Data provided —
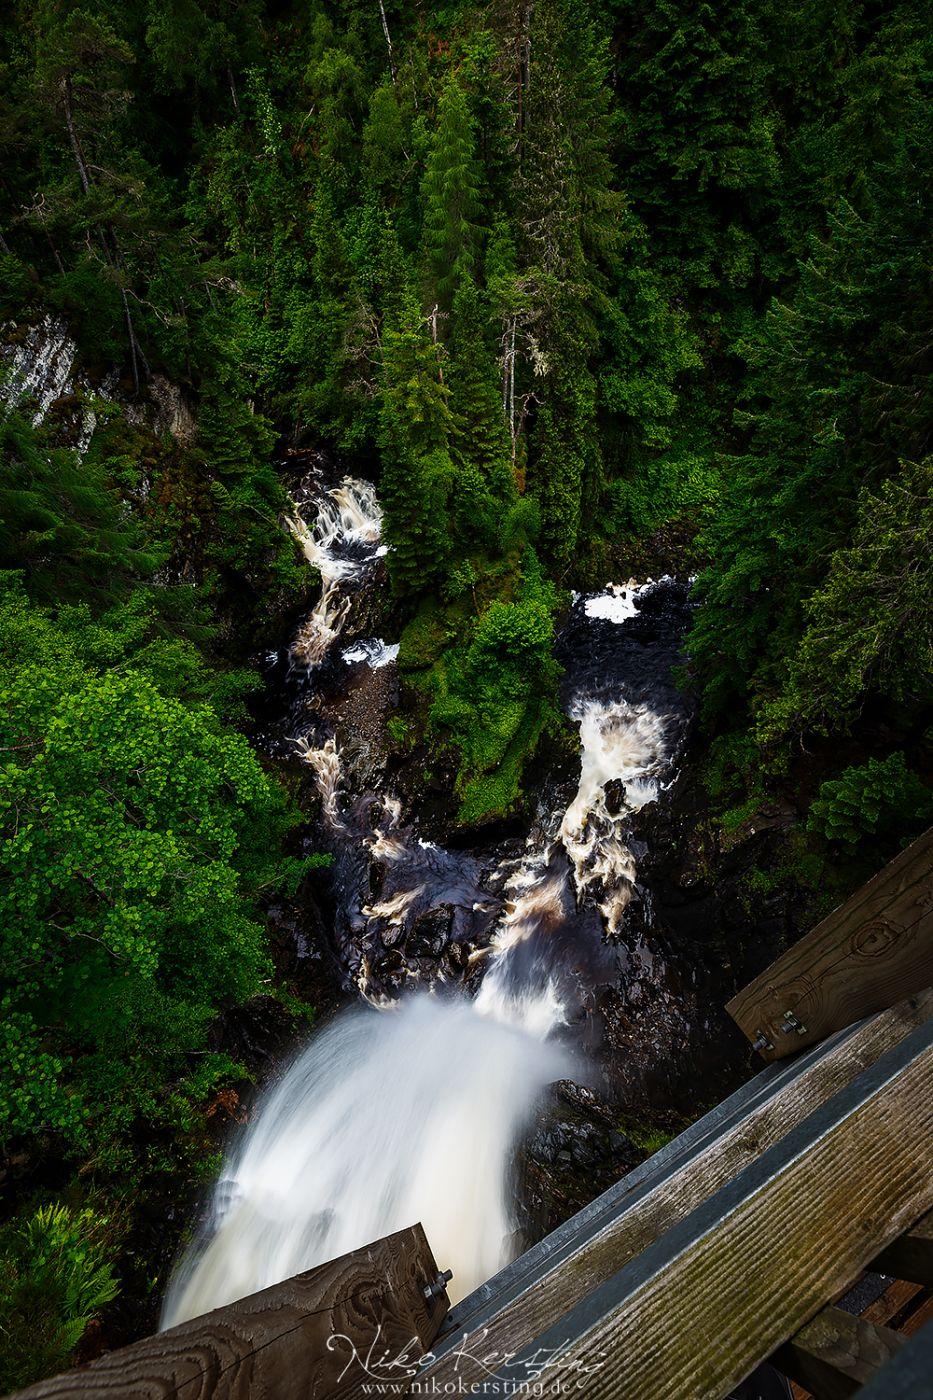 Plodda Falls, United Kingdom
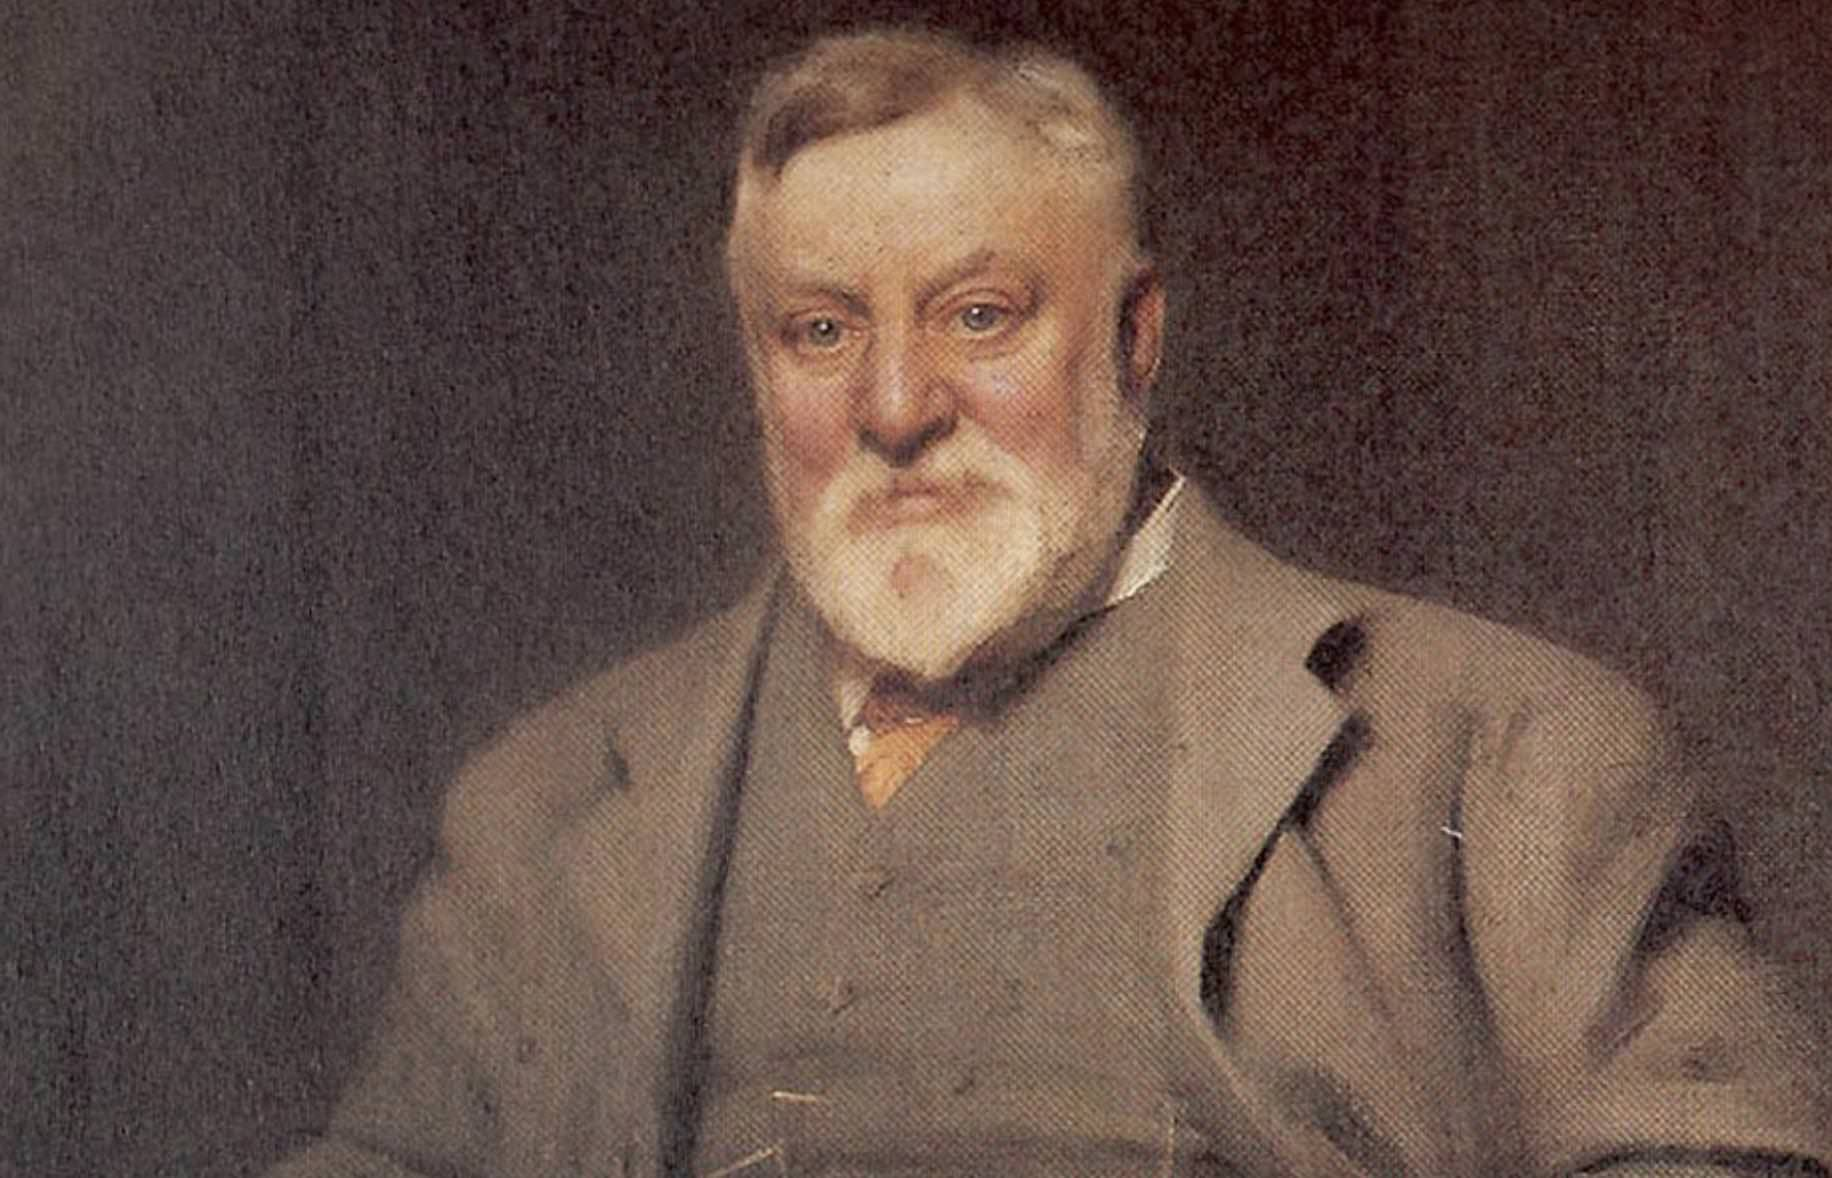 Артур Ласенби Либерти основатель Liberty London
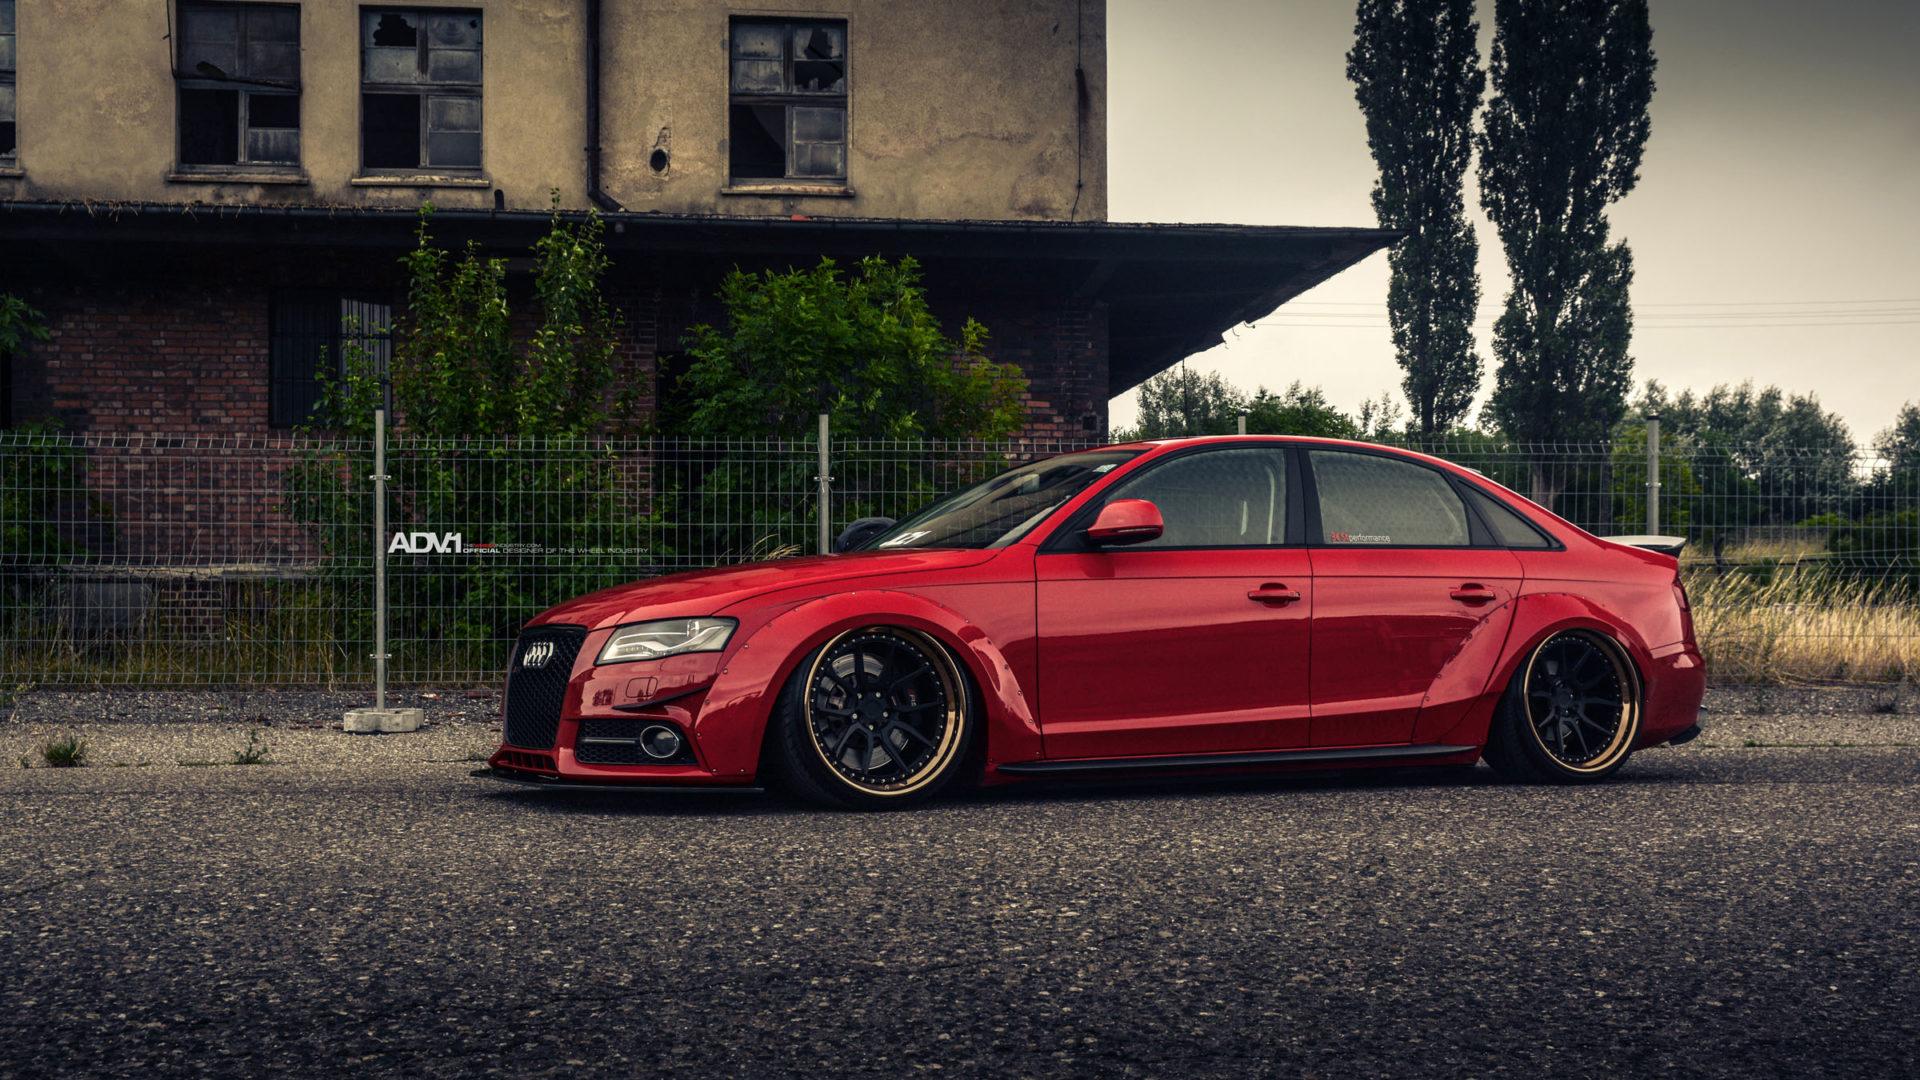 Audi Rs3 Wallpaper Hd Magical Gangsta Widebody Audi A4 Best Performance Adv

Requirement —
Go through the listing and restate each line word for word, leaving out the pictures.

Response to the exercise —
 Plodda Falls, United Kingdom
 Артур Ласенби Либерти основатель Liberty London
 Audi Rs3 Wallpaper Hd Magical Gangsta Widebody Audi A4 Best Performance Adv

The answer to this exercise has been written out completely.